Viropro Inc. - a company that serves as a bridge between therapeutic proteins and developing countries - signed its first major deal, with the Tunisia-based pharmaceutical firm BioChallenge.

The alliance, or memorandum of understanding, means Viropro could earn $27.5 million in U.S. revenues over a 10-year period in which BioChallenge markets erythropoietin, interferon beta and growth factors such as G-CSF to Indonesia, Pakistan and countries in Africa, the Middle East and in Europe. The first proteins should reach those markets in 2009 to treat diseases such as cancer and multiple sclerosis.

For privately held BioChallenge, the deal means Tunisia will be home to the first manufacturing facility for therapeutic proteins in that part of the world.

Since 1982 when the first recombinant pharmaceutical product was approved by the FDA, the field has become very large, but the therapies have not been accessed easily - let alone affordable - for developing and third-world countries. Montreal-based Viropro has acquired intellectual property that enables it to transfer the technology of bio-generic products to regions that at one time only could access the drugs through foreign-owned pharmaceutical companies.

"You might say it's a new company devoted to the transfer of technology of therapeutic proteins that are out of patent," said Jean-Marie Dupuy, Viropro's president and CEO.

Several bio-recombinant products already are in the public domain or will become public by 2007. The top 10 recombinant products that will be public next year had recent annual worldwide sales of $15 billion. In the coming years, those types of products are expected to represent the majority of those registered with the FDA.

Large pharmaceutical firms often are interested only in transferring their technology to major markets, forcing emerging markets to buy the drugs at high prices. For countries in South America and Africa, "not to have access to this kind of technology in the coming years will be sort of difficult," Dupuy told BioWorld Today.

He called the agreement with BioChallenge "the first of its kind" for the company, which is working toward similar deals in other markets.

"We are presently talking to several companies in South America and in the Middle East, and in India, as well," he said.
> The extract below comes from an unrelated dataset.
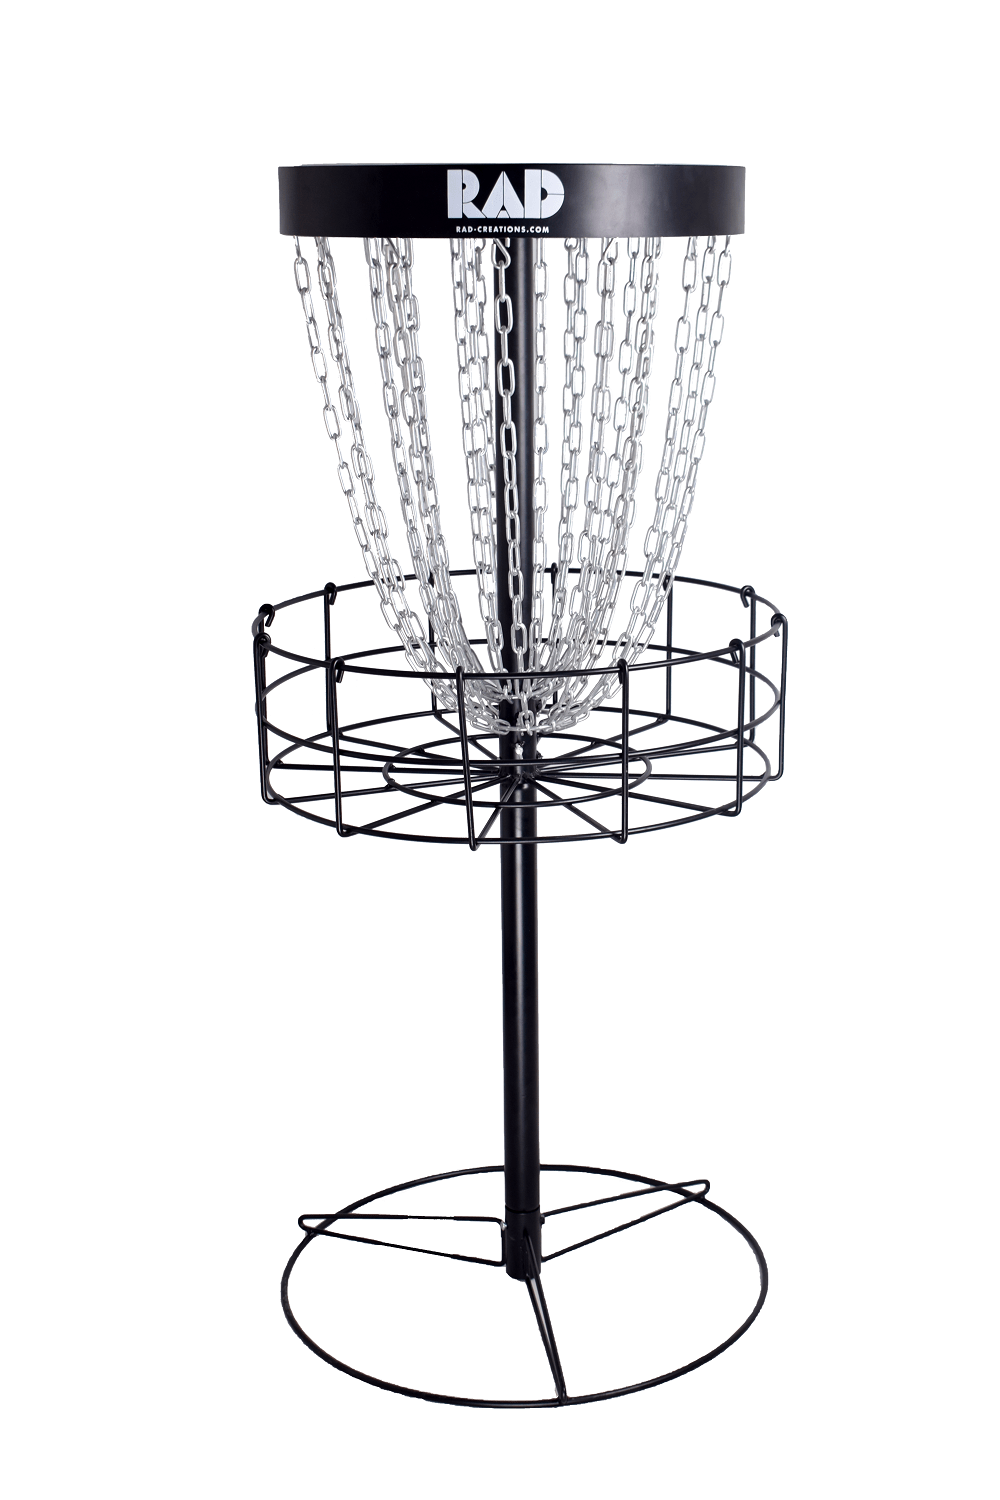 RAD Creations Basket Black RAD Eagle Premium 24-Chain Disc Golf Basket

The $27.5 million in revenues would come to Viropro in the form of fixed licensing fees, development milestones, technology-transfer payments and royalties that vary from 5 percent to 10 percent of net sales, depending on the volume. The money disclosed involves conservative market penetration of three therapeutic proteins - $10.5 million in the first four years, and about $17 million in the term's remaining six-year period.

Potentially generating more revenue, Viropro also will deliver technology for a fourth protein selected by BioChallenge.

Viropro is developing its products "almost at cost," Dupuy said. "Our benefit is mostly coming afterward through royalties, and that will add up, because each year there will be new products coming out of patents."

The company's research and development procedures are the result of alliances with Immuno Japan Institute, the Biotechnology Research Institute of the National Research Council Canada in Montreal, and Alimentary and Veterinary Biotechnology Institute of the University of Montreal.

Formed in November 2004 through a public shell, Viropro gained a new management team six months ago and currently has about 10 employees. It is in the process of raising money through a private placement.

The company's stock (OTC BB:VPRO) dropped 5 cents on Thursday, to close at $1.30.